The Knowledge in Conversations table within the report also surfaces frequently retrieved articles that correlate with low satisfaction, marking them as candidates for a rewrite. Feeding those findings into your knowledge base building process is what keeps deflection climbing as usage patterns shift, past the initial setup.
Ready to see how much of your own ticket history is sitting on undocumented answers? Start a 30-day free trial of InvGate Service Management, no credit card required.
Keeping deflection on an upward curve
A few habits determine whether deflection keeps improving after the initial setup or plateaus once the obvious gaps are closed:
- Review deflection data on a set cadence. Weekly or biweekly is enough to catch a knowledge gap or a satisfaction drop before it compounds into a pattern.
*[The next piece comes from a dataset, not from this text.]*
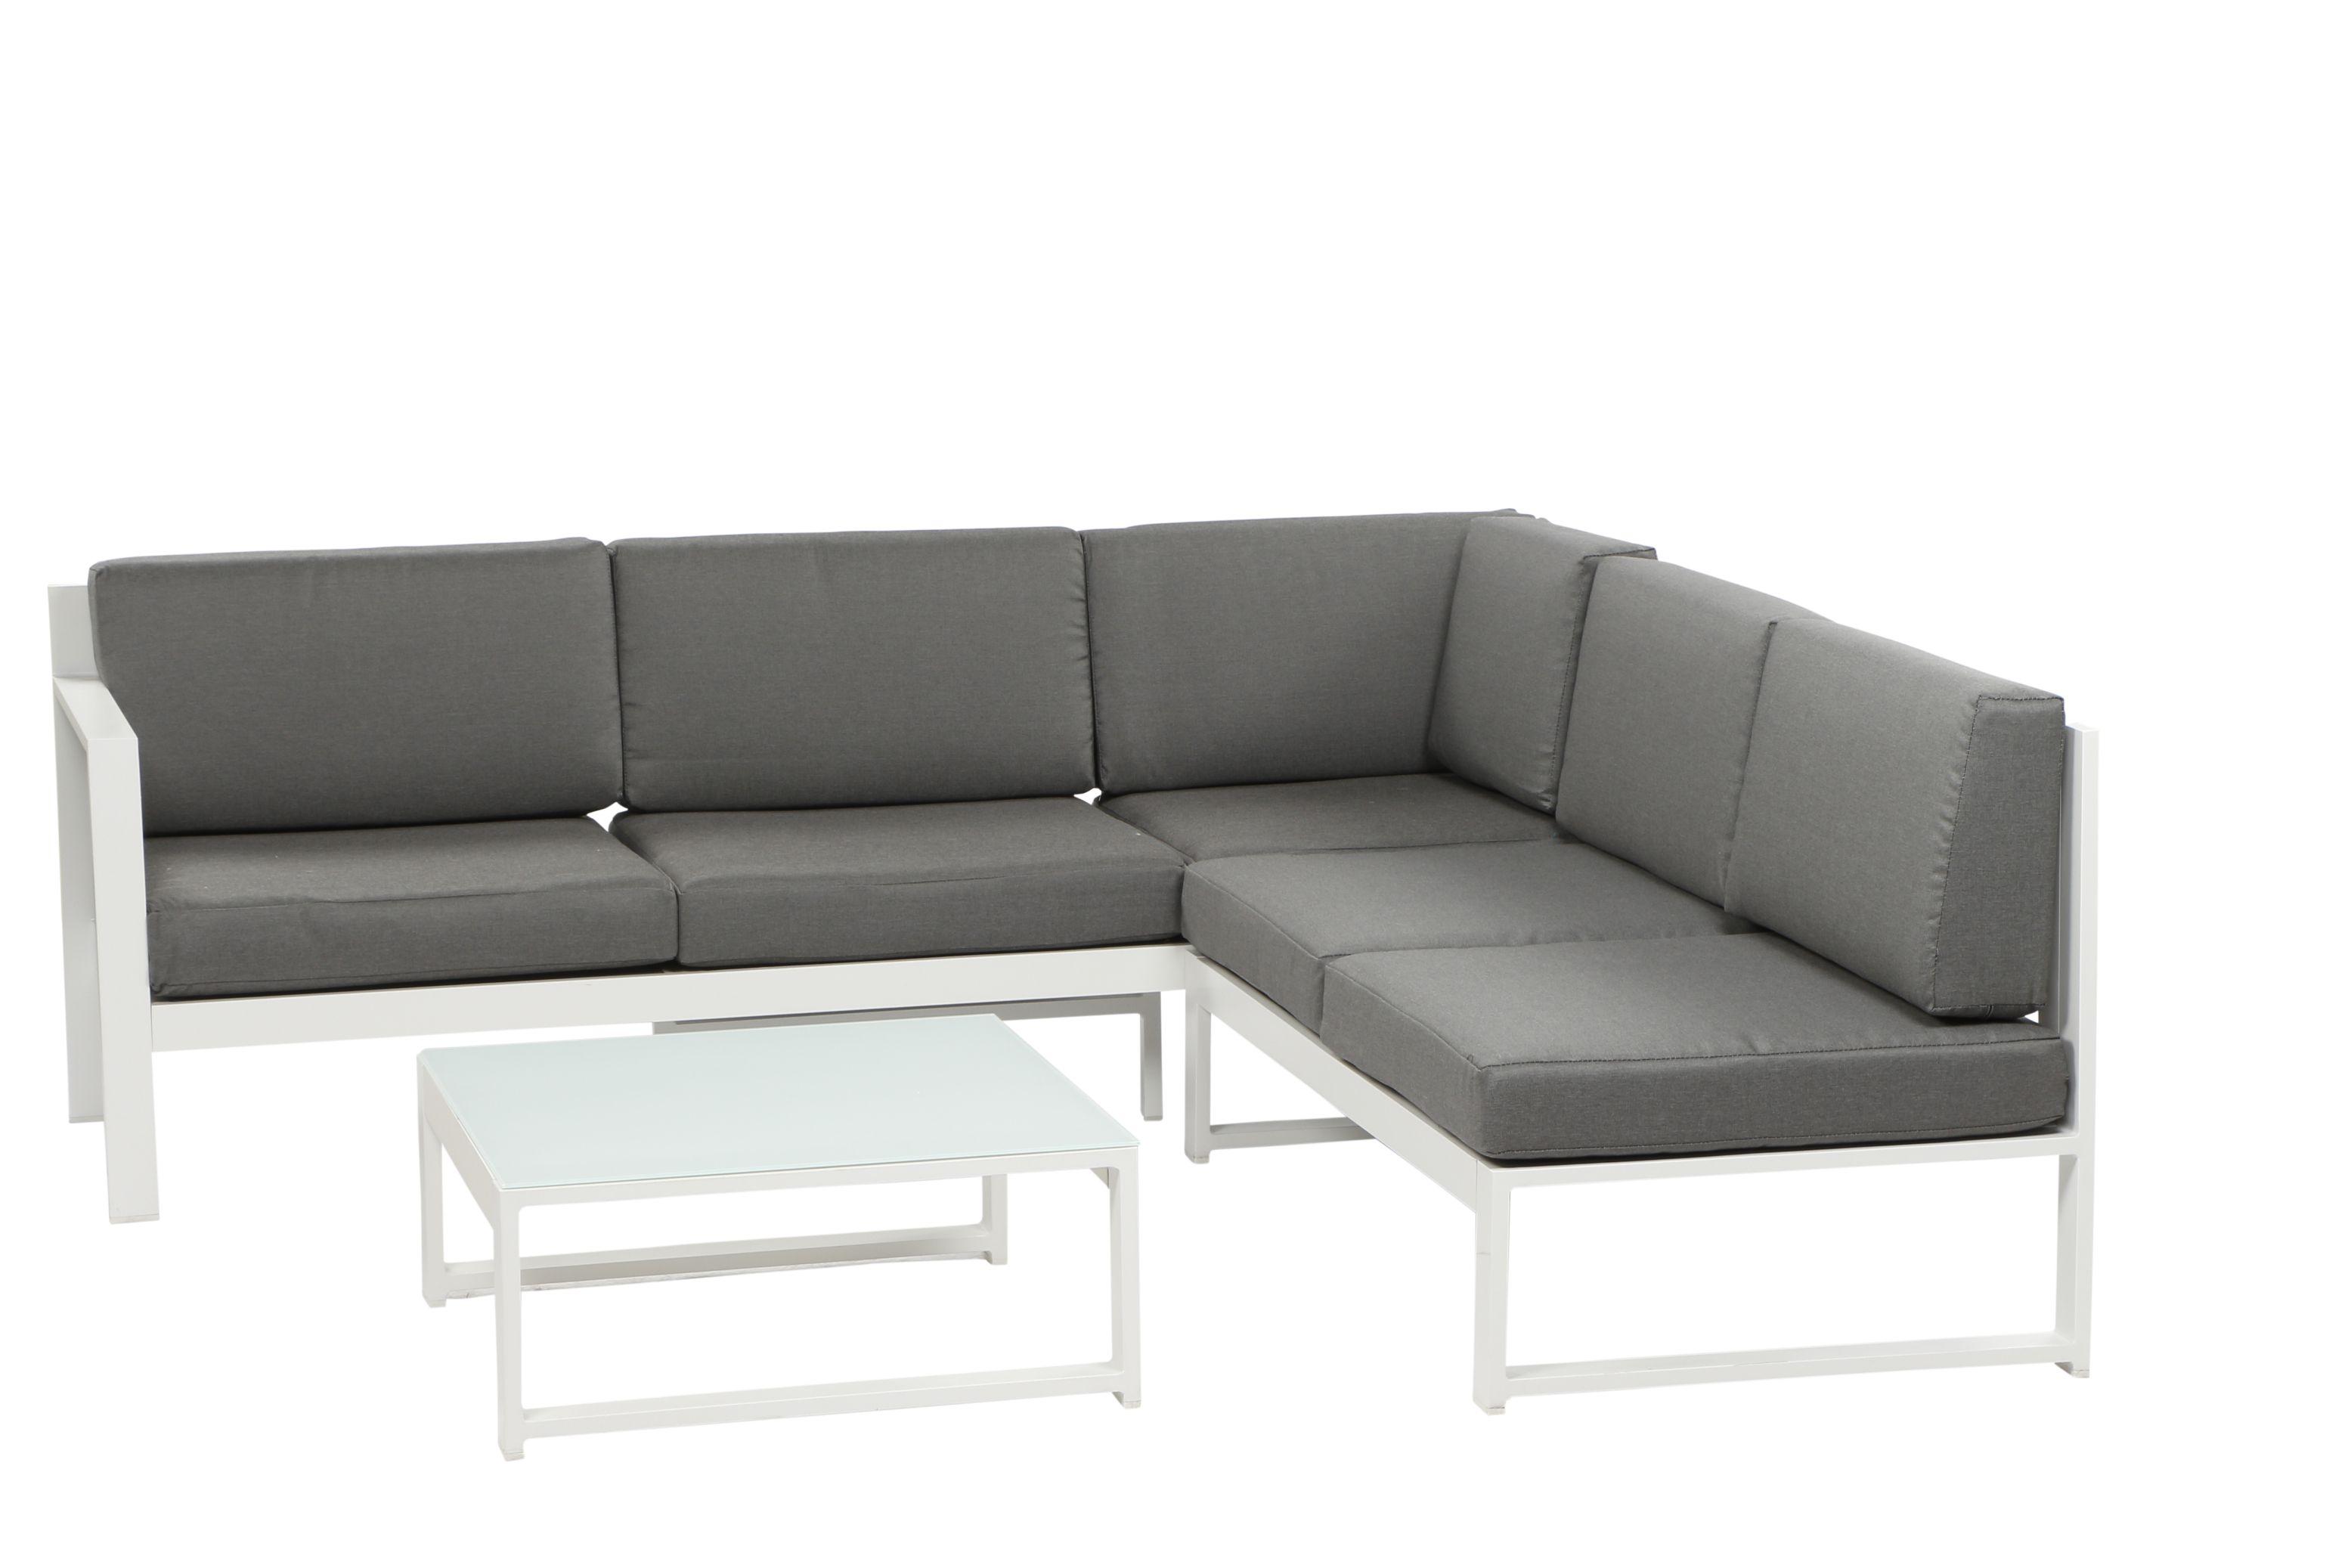 filio aluminium ecklounge gartenm bel set sitzgruppe wei. Black Bedroom Furniture Sets. Home Design Ideas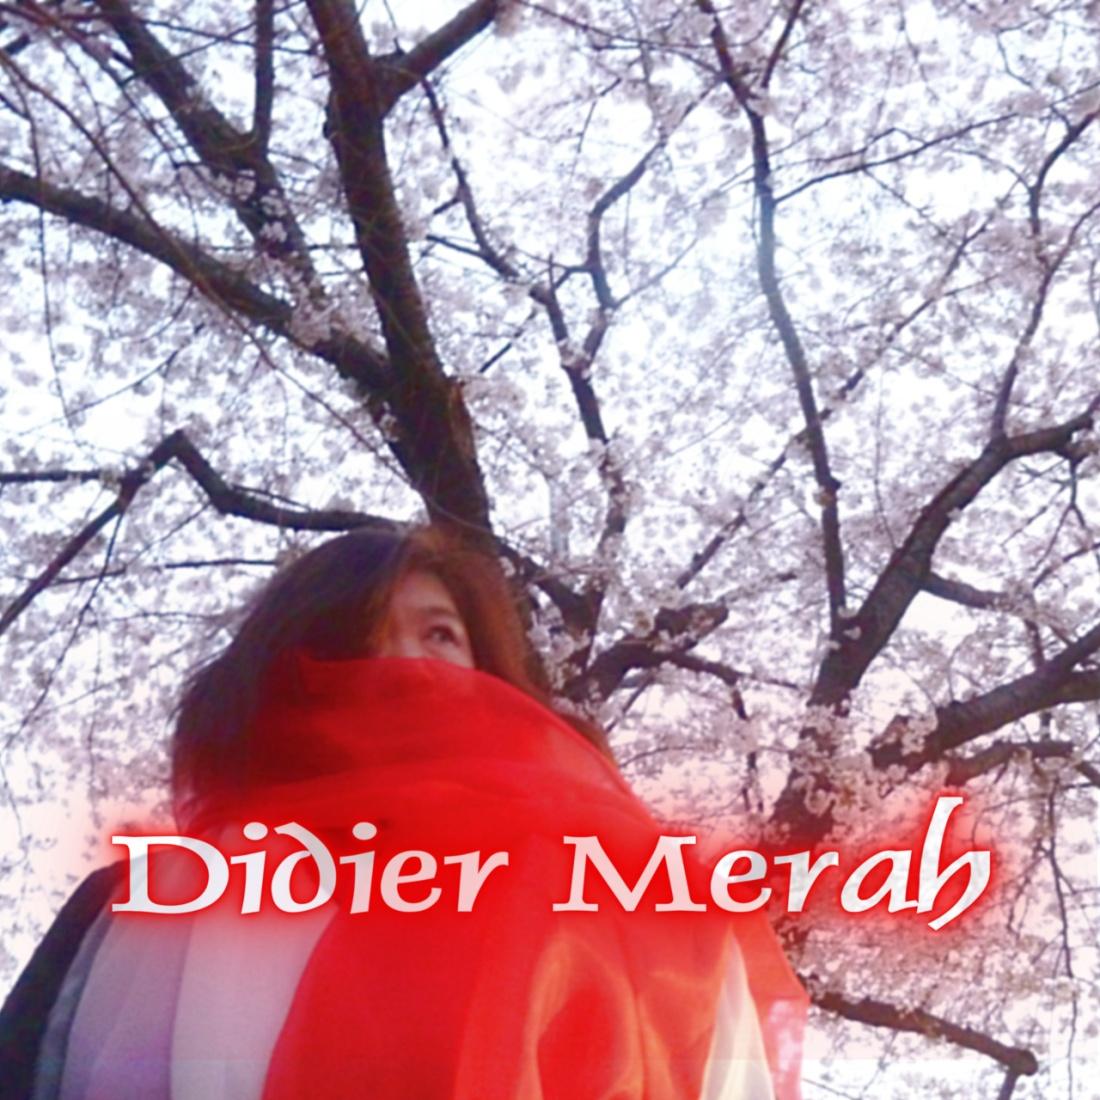 DidierMerah_20180331_1280x1280

- Treat gap-detection as recurring, not a one-time cleanup. Ticket volume and the questions behind it keep shifting, so the knowledge base needs a standing process for catching what's newly missing, not just a single pass at launch.
- Validate content internally before exposing it to end users. Confirming a resolution works, whether through agent use or a review step, before a chatbot serves it directly keeps deflection gains from coming at the cost of accuracy.
- Roll out new content by category or topic, not all at once. It's easier to validate improvements, and catch issues, one segment at a time.